La prima vera grande urgenza per la società di oggi
“Se parliamo di emergenze che riguardano la povertà non possiamo nascondere i numeri, sono tantissime ma credo che si debba dare altrettanta importanza a quello che è un vuoto formativo”, ha detto la suora. “Oggi abbiamo il dovere morale di educare alla carità anche i giovani, dobbiamo ri-formarci, la formazione è la grande urgenza: rimettere al centro Cristo nella nostra vita. Ecco la prima povertà è questa”.
Una consapevolezza che dà il via a una grande rivoluzione in diocesi. Le sue parole e il suo impegno a favore dei poveri sono infatti testimonianza di una carità materna che incarna il vero volto della Chiesa, quello di chi non ha paura di amare fino in fondo sporcandosi le mani. E soprattutto che non tentenna nel mettere al centro il vero protagonista della carità, Gesù, l’unica fonte da cui può sgorgare ogni gesto di vero amore.
“I poveri o i problemi della povertà, come dice San Vincenzo, sono un opportunità e una grande risorsa per me”, sono le parole pronunciate dopo la nomina dalla suora al settimanale cattolico Famiglia Cristiana. Da anni suor Marisa presta la sua opera assistenziale nella Casa Sisto Riario Sforza ai Camaldoli. Qui vengono accolti, ma anche assistiti o curati, i malati di Aids.
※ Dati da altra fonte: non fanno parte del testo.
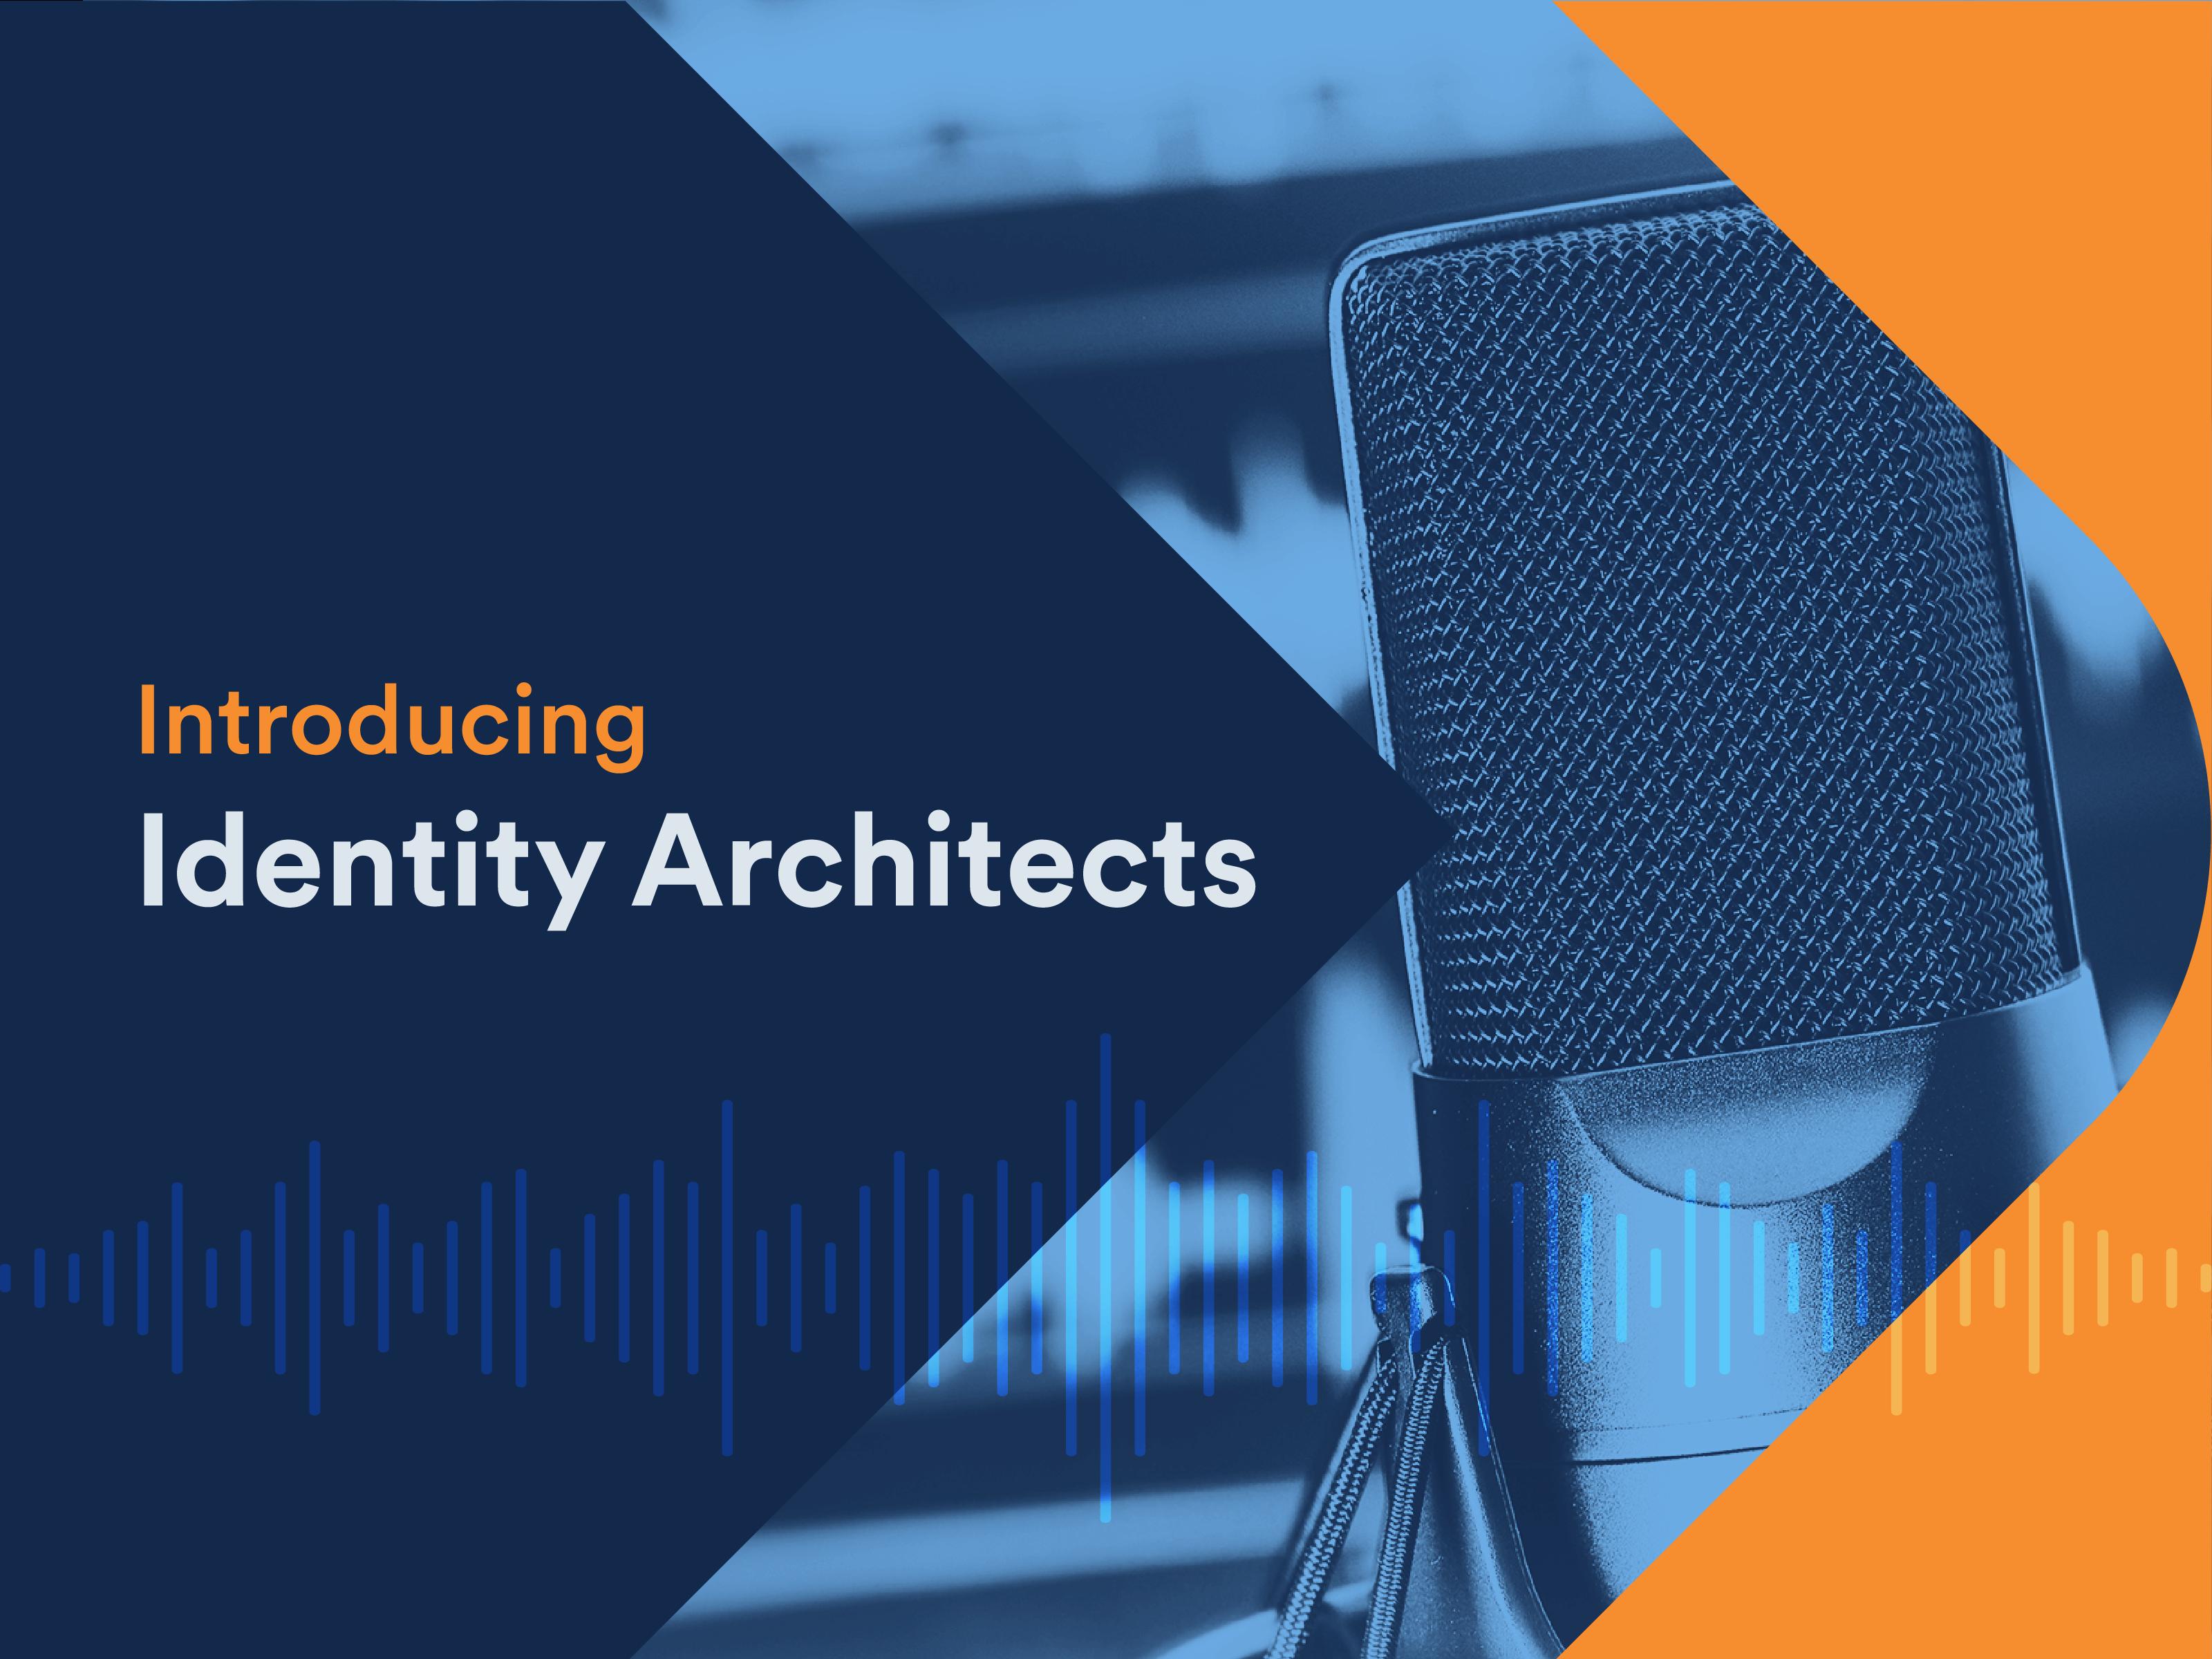 Introducing Identity Architects
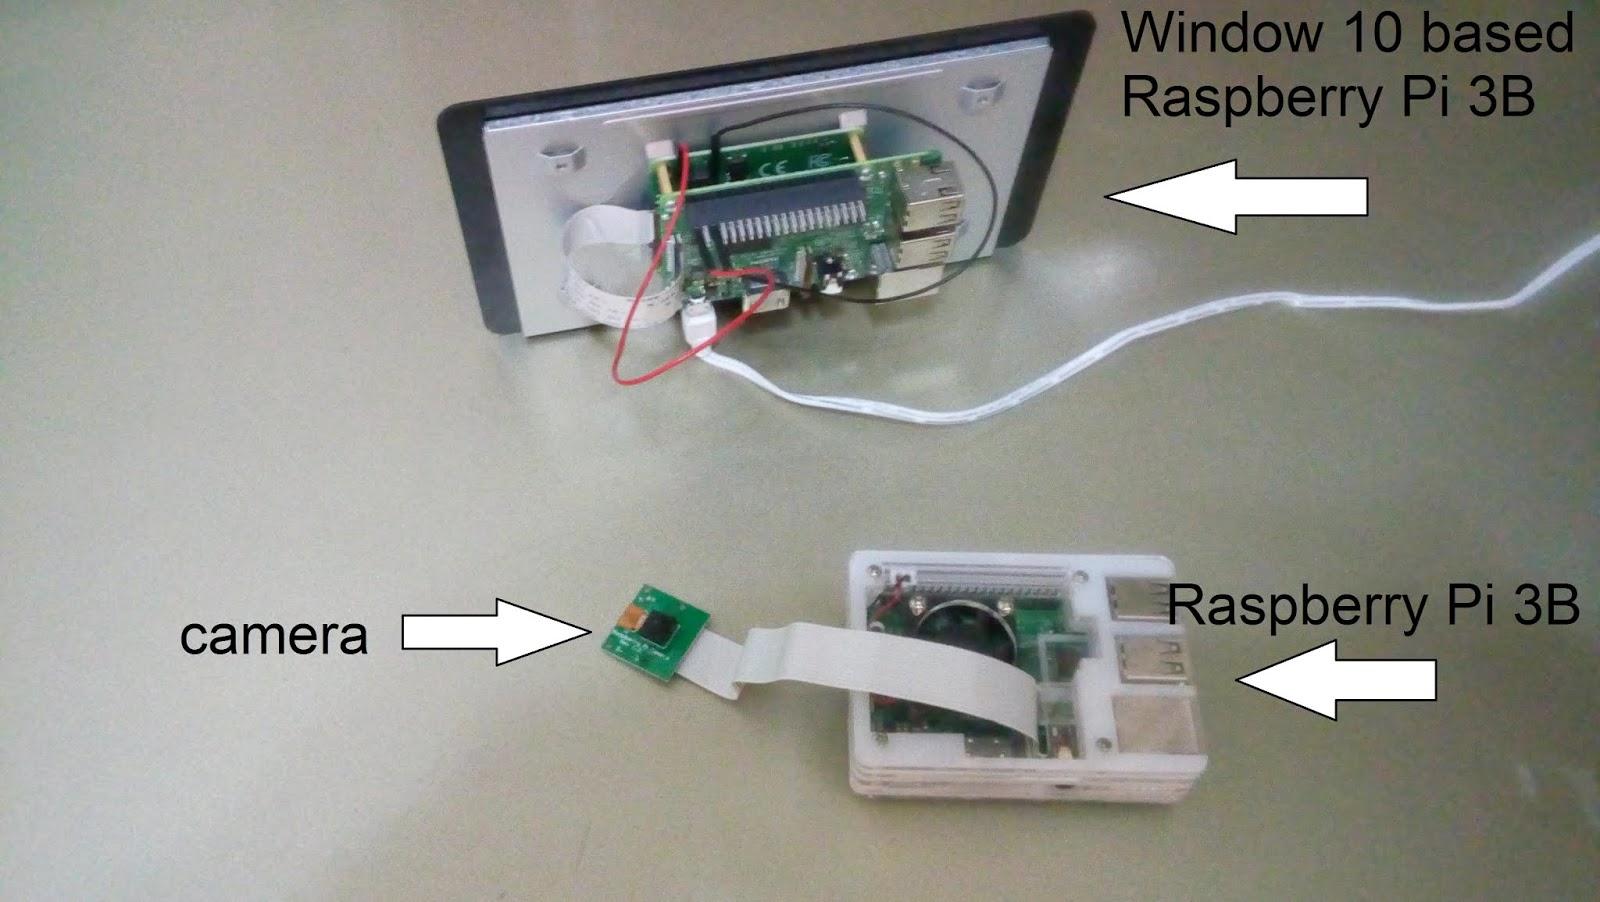 Window 10 based Raspberry Pi + video streaming

La sorpresa con la nomina da parte del vescovo
Suor Marisa, forte del suo diploma da infermiera, si è fatta avanti sin dal primo minuto. Le sue mani hanno toccato e curato tanti corpi attaccati dal male dell’Aids, che avevano bisogno di tornare in vita, letteralmente. Dopo che da ragazza si è buttata sulle strade della vita per raccogliere tossicodipendenti, derelitti, uomini e donne in fin di vita a causa del male che svuota da dentro, il dramma della droga.
Quando è arrivata la nomina del vescovo, in lei si è fatta strada solamente la sorpresa. “Gli ho chiesto come mai avesse scelto me. Lui mi ha detto: Tu hai le mani in pasta e abbiamo bisogno di una persona che ha toccato la vita ferita. Ed io posso solo dire che in questa missione devo continuare ad essere la piccola serva della carità che insieme agli altri può fare rete e aiutare le persone che soffrono”.
La dura realtà della Caritas di Napoli
Nelle prima dichiarazioni della suora da direttrice della Caritas Diocesana di Napoli la religiosa ha spiegato che tutto quello che la Caritas diocesana ha svolto fino a questo momento non va cancellato, e che lei stessa lavorerà “nel segno della continuità e della novità perché come ieri anche oggi tante persone donano la propria vita per la carità”. Ma ricordandosi allo stesso tempo che “vivere la carità non è dare soldi ma permettere all’altro di avere una dignità permettergli di camminare con le sue gambe”.
Insomma, non basta essere buoni operatori sociali, è necessario essere perfetti annunciatori di Cristo. Anche perché, di fatto, le emergenze che si troverà ad affrontare in una realtà come quella della Caritas a Napoli sono tantissime, dure da affrontare, nonostante si tratti di una vera e propria eccellenza in un territorio fortemente dolorante. Così il compito di Marisa assume un significato alto, e grande: quello di portare Cristo agli ultimi perché sono proprio loro che, come afferma Gesù stesso nel discorso delle Beatitudini, “saranno i primi”.
“In questo primo tempo non solo ascolterò ma osserverò e conoscerò per poi comprendere quale orientamento, come equipe diocesana, si vorrà adottare. Non dobbiamo dimenticare che arriviamo da un tempo in cui incontrare l’altro si ha paura”, ha spiegato la suora, ben consapevole di avere in tasca una ricetta con cui non si può sbagliare. Vale a dire, “riscoprire quella tenerezza e quella vicinanza di cui parla Gesù quando ci parla del buon samaritano, del prendersi cura dell’altro e dell’I Care di cui parla don Milani”.